2011
20
out

HTC Ultimate: é o Windows Phone 7.5 chegando ao Brasil

Demorou, mas finalmente o Windows Phone 7.5 (outrora apelidado de “Mango”) chegou de maneira oficial ao Brasil. Hoje (20/10/2011), em São Paulo – SP, foi anunciado o smartphone HTC Ultimate, o primeiro do país a contar com esta plataforma. Se é o primeiro de muitos, ninguém sabe, mas não há dúvidas de que se trata de um aparelho capaz de brigar firme com o iPhone e smartphones Android mais recentes.

HTC Ultimate (divulgação)

HTC Ultimate (divulgação)

A primeira coisa que chama a atenção no HTC Ultimate é a sua gigantesca tela: 4,7 polegadas com resolução de 480×800 pixels. Pode não parecer muito, mas o Windows Phone 7.5 funciona perfeitamente bem nela. O componente não conta com Gorilla Glass, tecnologia que deixa a tela mais resistente, no entanto, de acordo com a HTC, tem proteção para diminuir as chances de danos.

Os demais itens do hardware não decepcionam:

  • Processador Qualcomm Snapdragon de 1,5 GHz (no Brasil, o padrão atual é 1 GHz);
  • 512 MB de memória RAM;
  • 16 GB para armazenamento interno de dados (expansível com cartões microSD);
  • Câmera traseira com 8 megapixels, LED duplo e sensor BSI para melhor captura em ambientes pouco iluminados;
  • Câmera frontal de 1,3 megapixels;
  • Bateria de 1.600 mAh.

A conectividade está dentro do esperado: Wi-Fi 802.11n, Bluetooth 2.1, 3G, A-GPS e micro-USB. Não há, no entanto, a cada vez mais famosa tecnologia NFC (Near field communication), que permite ao usuário compartilhar dados com outro aparelho simplesmente aproximando ambos os dispositivos.

Visualmente, o aparelho é bonito e bem acabado.
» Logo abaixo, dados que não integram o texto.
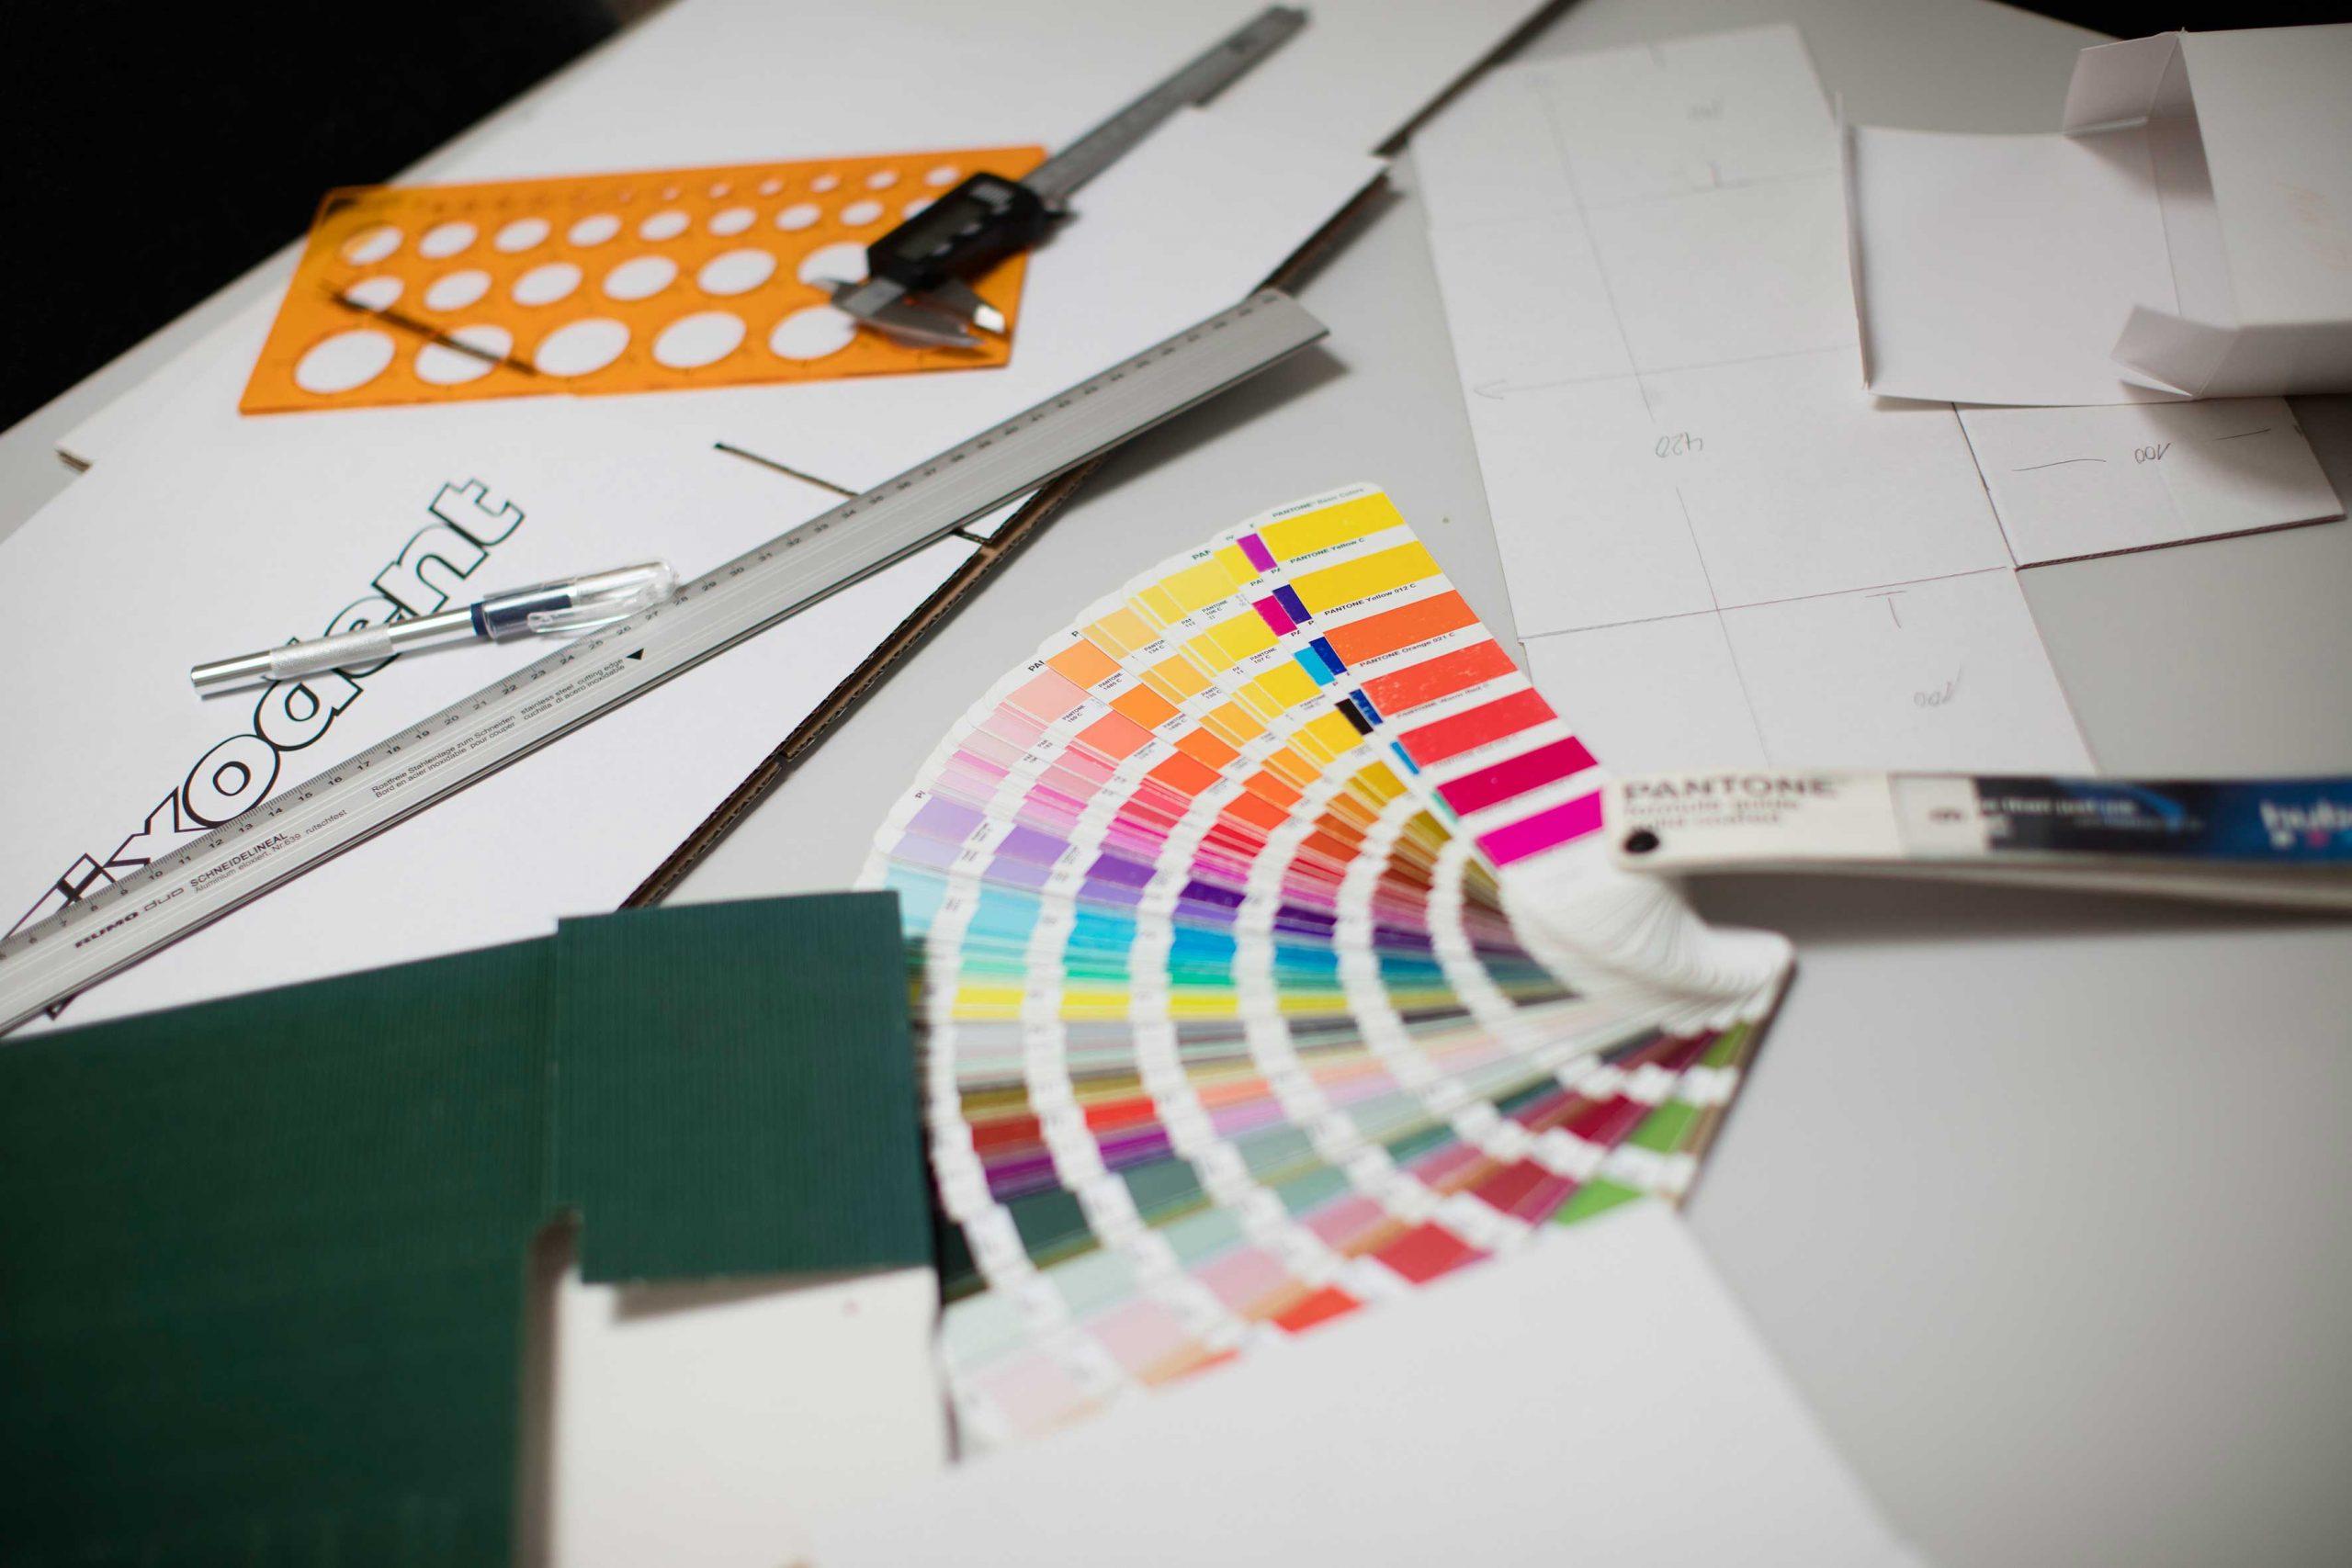 Farbfächer und Zeichenwerkzeuge

Mas o que chama mesmo a atenção é o fato de ser bastante fino: sua espessura é de 9,9 milímetros. Olhando-o, tem-se a impressão de que o HTC Ultimate é pesadão, mas não chega a tanto: possui 160 gramas, considerando a bateria.

Mais fotos:

www.flickr.com/photos/ealecrim/sets/72157627940787698

O resto é responsabilidade do Windows Phone 7.5. Trata-se, de fato, de um sistema operacional bonito, fácil de se usar e dotado de recursos muito interessantes. Se é melhor ou pior que o Android ou o iOS são outros quinhentos, mas a integração com a rede Xbox LIVE, o Office 365, as ferramentas de acesso às redes sociais, os aplicativos de áudio e vídeo, entre outros, se destacam bastante.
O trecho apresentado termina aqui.